* [Task to complete] Give back exactly the lines from the one holding "1 X New Professional" to the bottom of the material, both included, and nothing more. No pictures.

* [Source material]

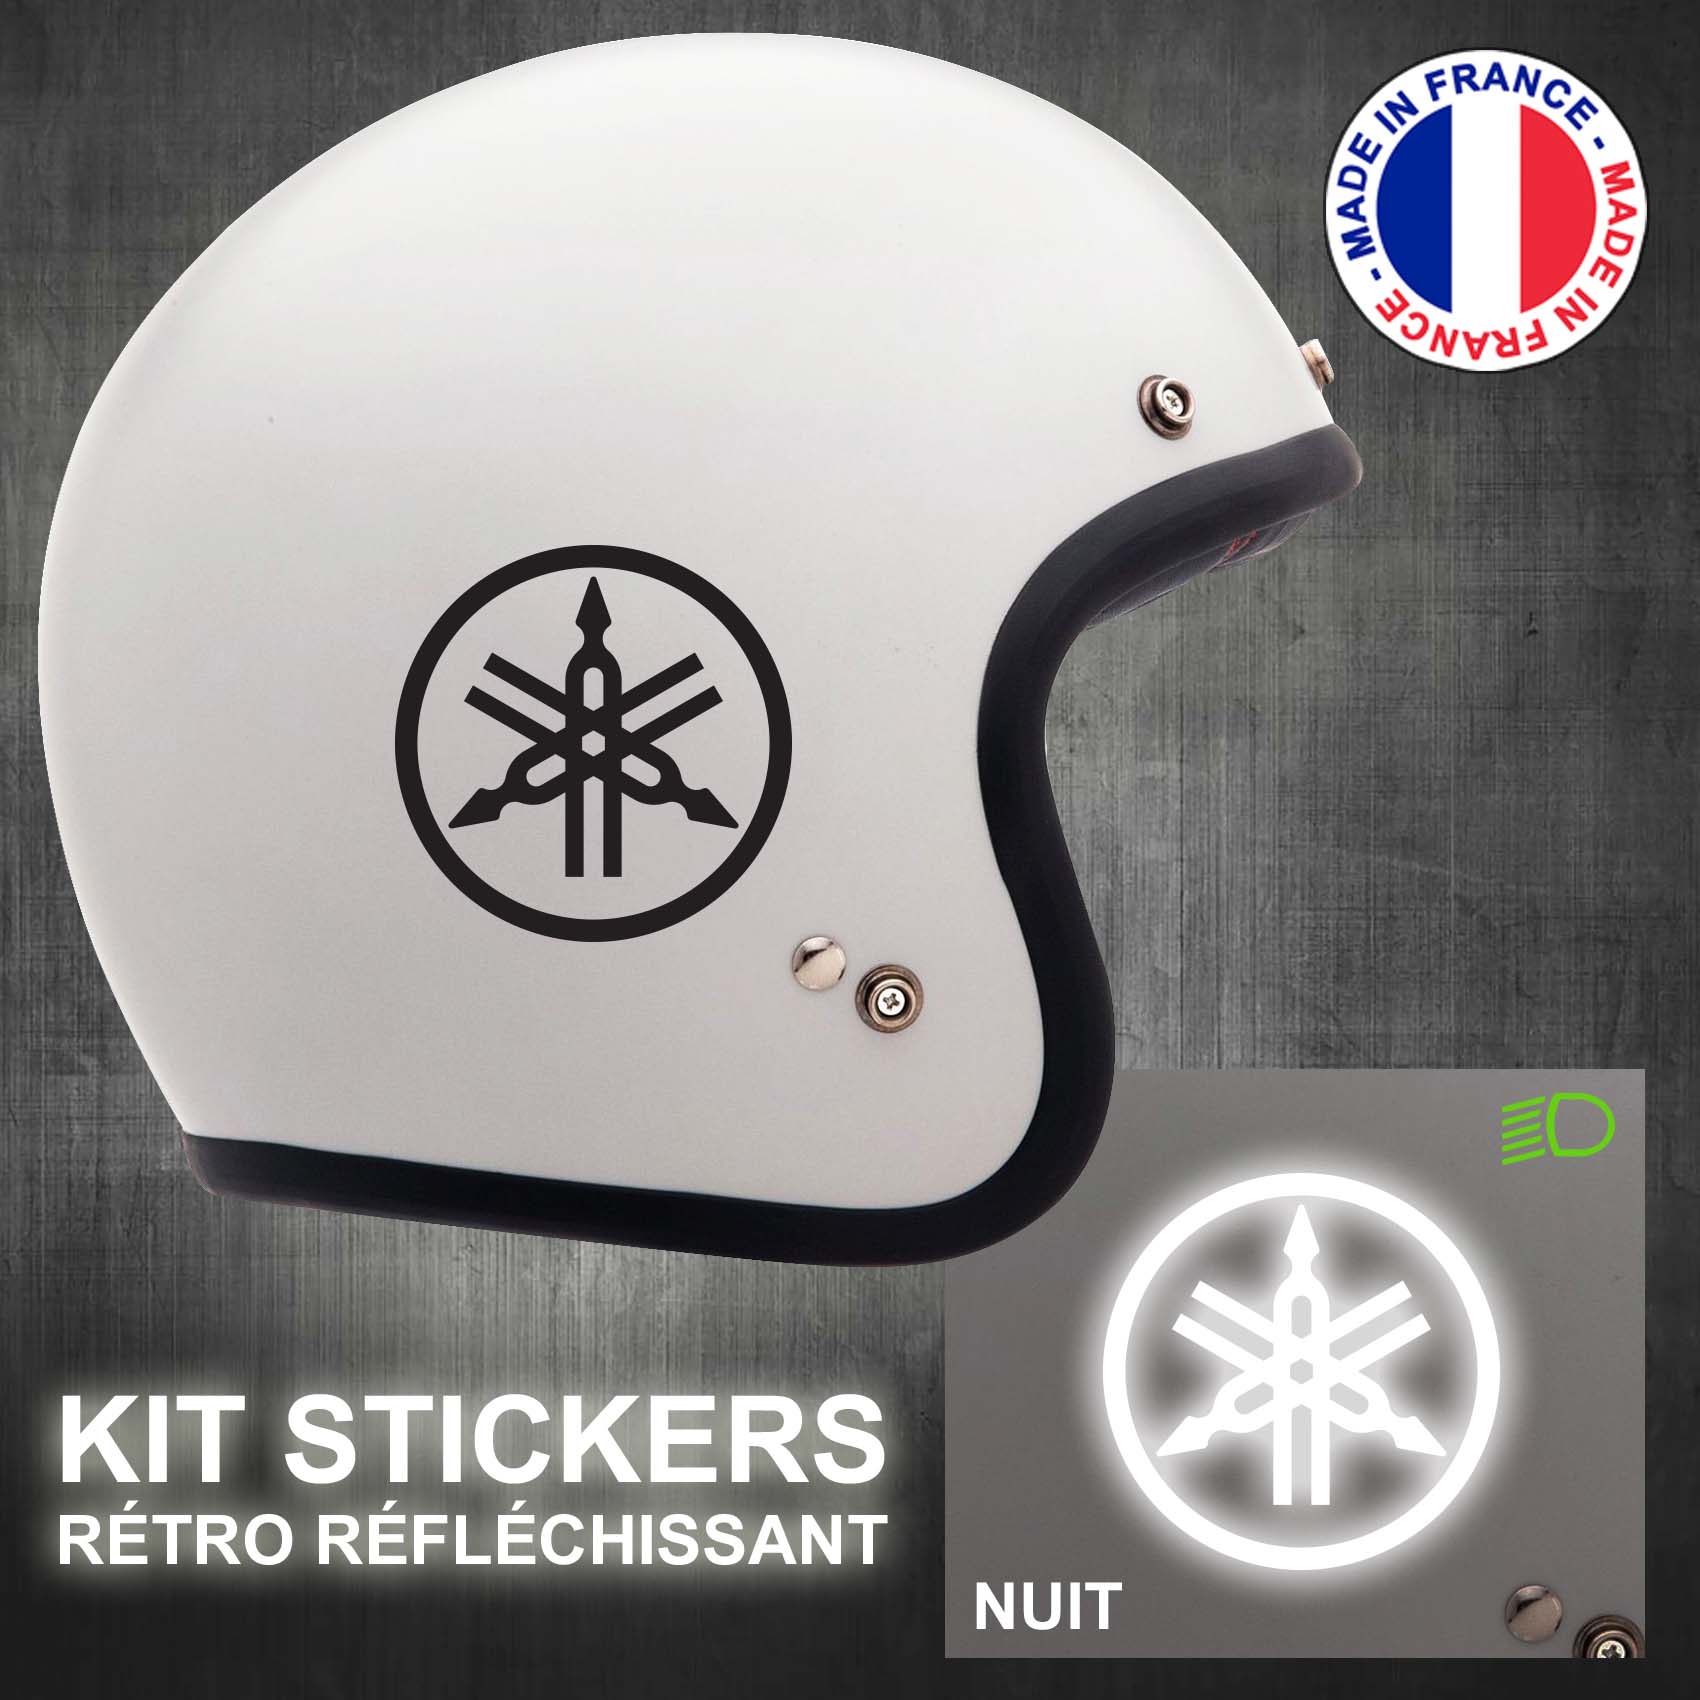 stickers-casque-moto-yamaha-ref3-retro-reflechissant-autocollant-blanc-moto-velo-tuning-racing-route-sticker-casques-adhesif-scooter-nuit-securite-decals-personnalise-personnalisable-min
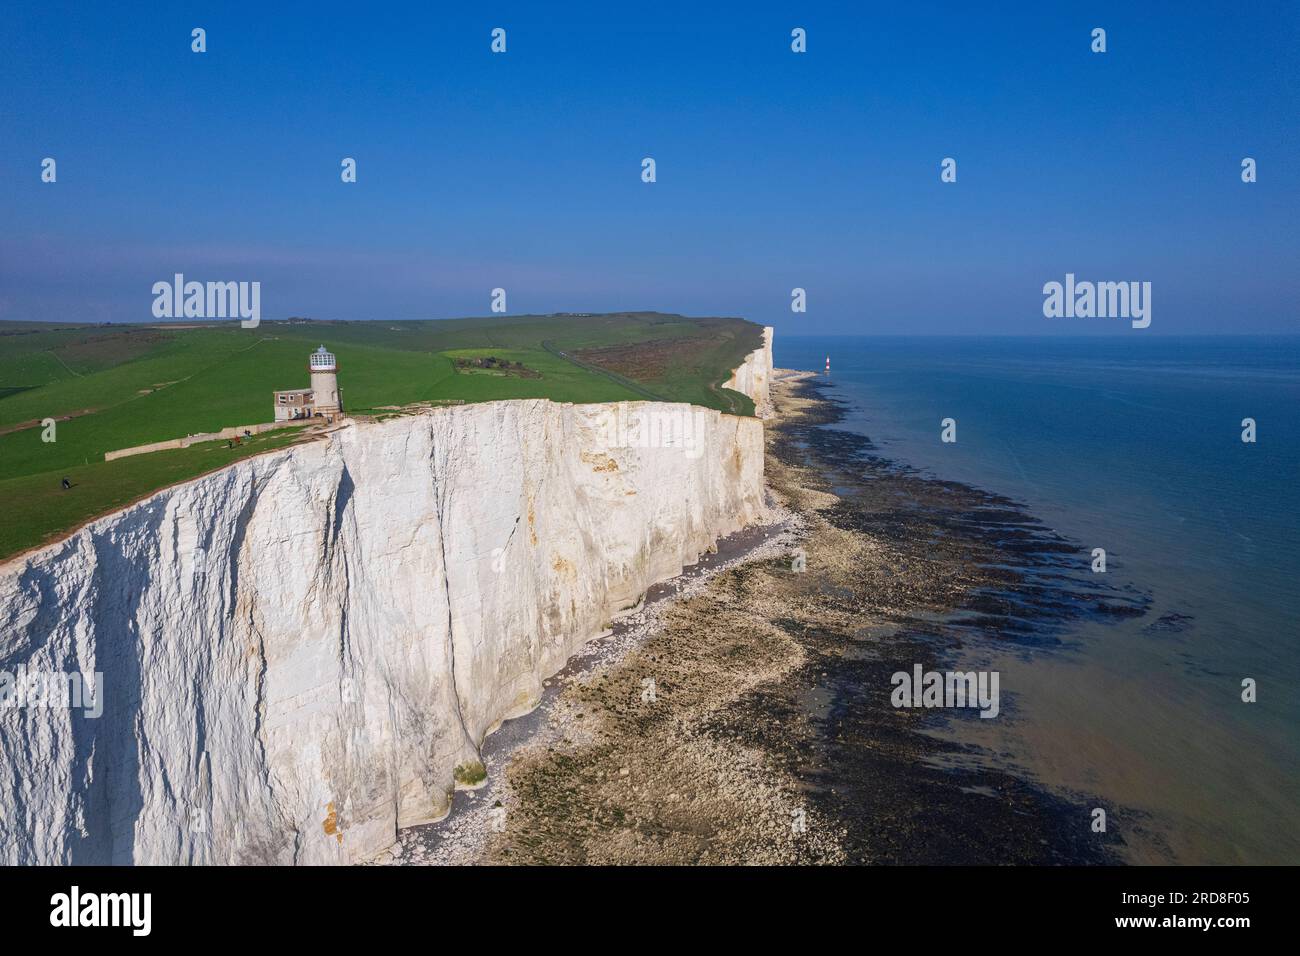 View from drone of Belle Tout lighthouse at low tide, Seven Sisters chalk cliffs, South Downs National Park, East Sussex, England Stock Photo
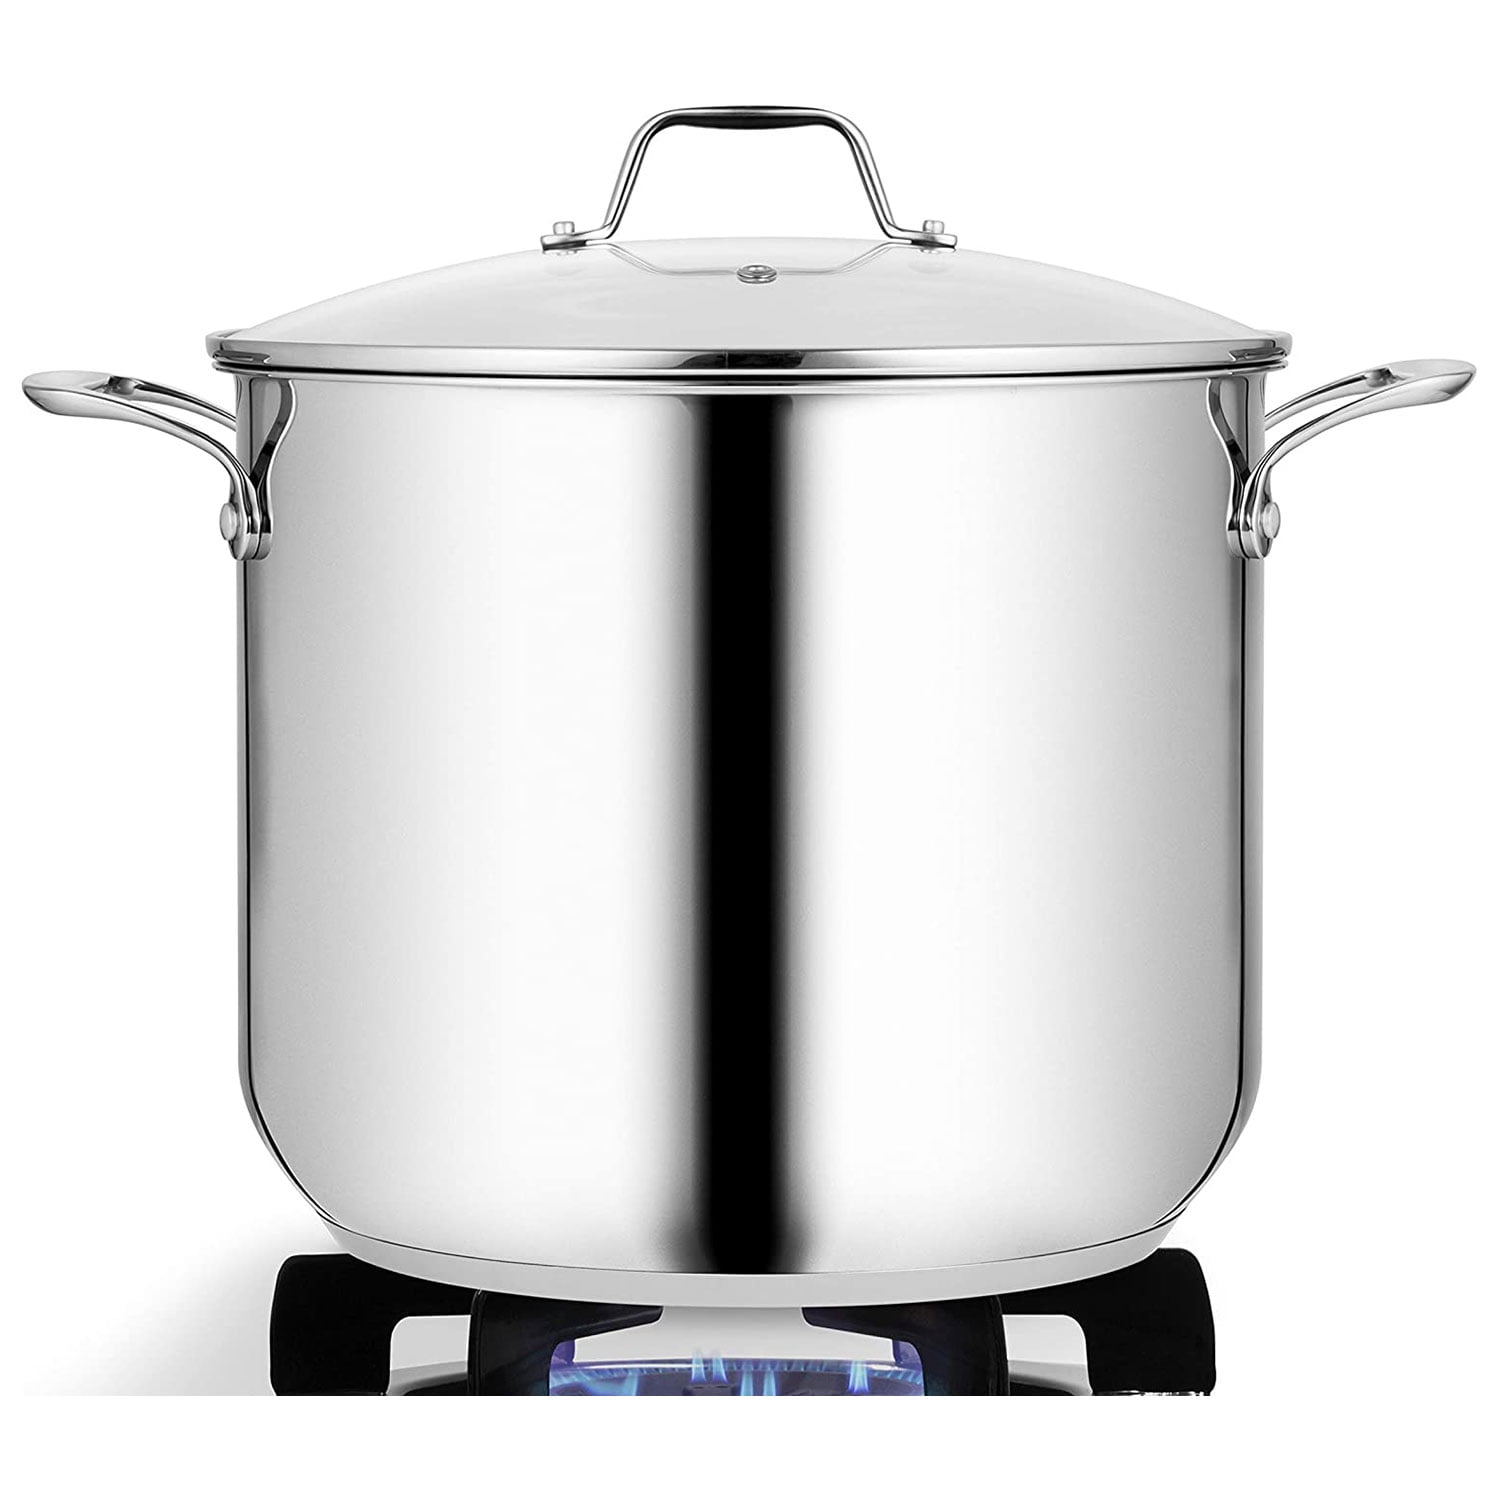  1 X New Professional Commercial Grade 8 QT (Quart) Heavy-Gauge  Stainless Steel Stock Pot, 3-Ply Clad Base, Induction Ready, With Lid Cover  NSF Certified Item: Induction Cookware: Home & Kitchen
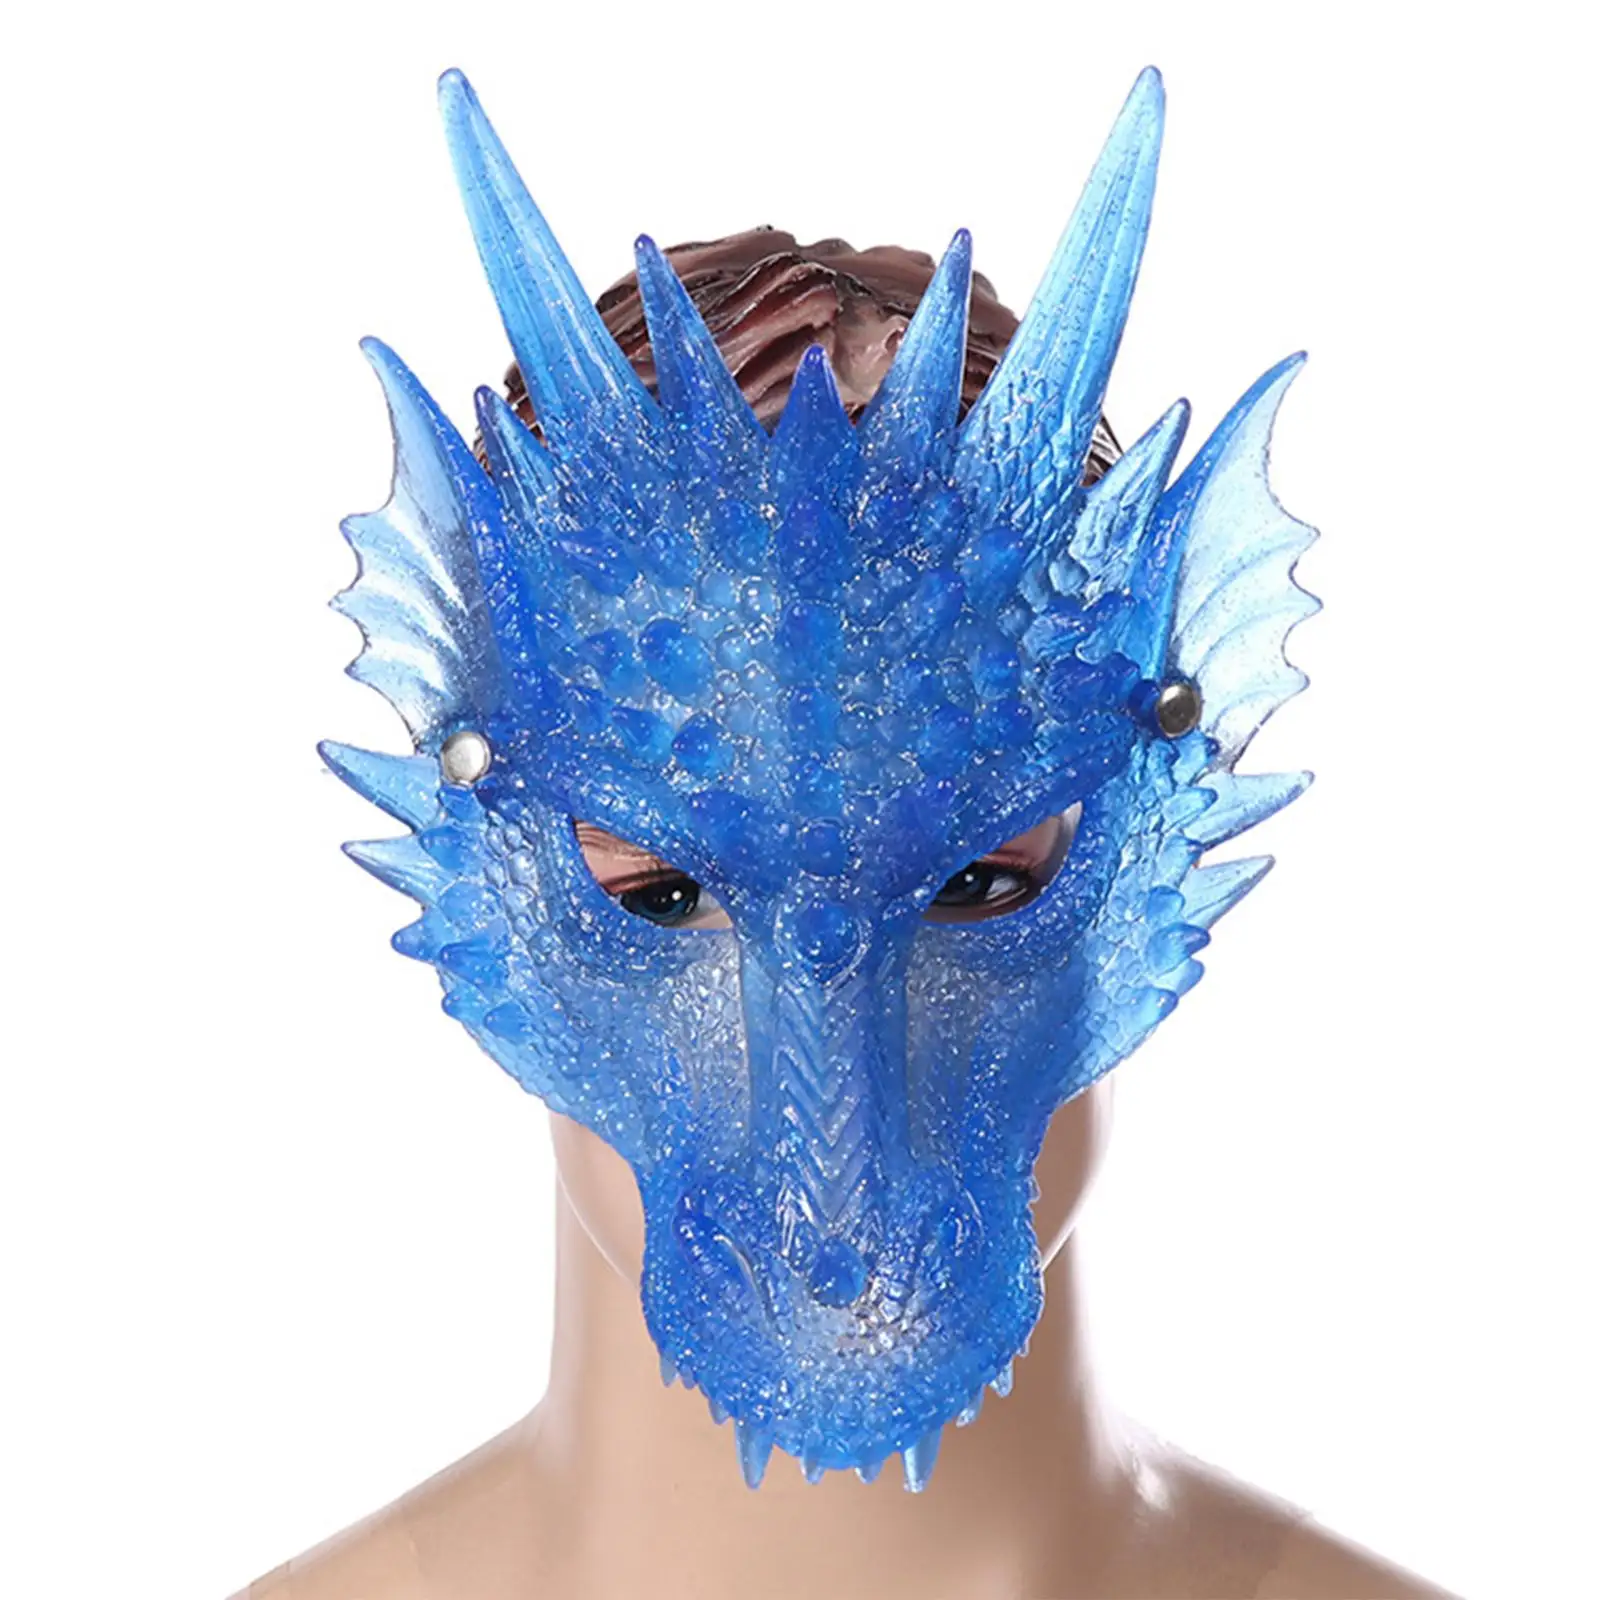 Movie Theme 3D Dragon Masks Unisex Half Face Cover Dinosaurio Masks for Masquerade Fancy Dress Cosplay Carnival Prom

* [Output of the exercise]
  1 X New Professional Commercial Grade 8 QT (Quart) Heavy-Gauge  Stainless Steel Stock Pot, 3-Ply Clad Base, Induction Ready, With Lid Cover  NSF Certified Item: Induction Cookware: Home & Kitchen
 Movie Theme 3D Dragon Masks Unisex Half Face Cover Dinosaurio Masks for Masquerade Fancy Dress Cosplay Carnival Prom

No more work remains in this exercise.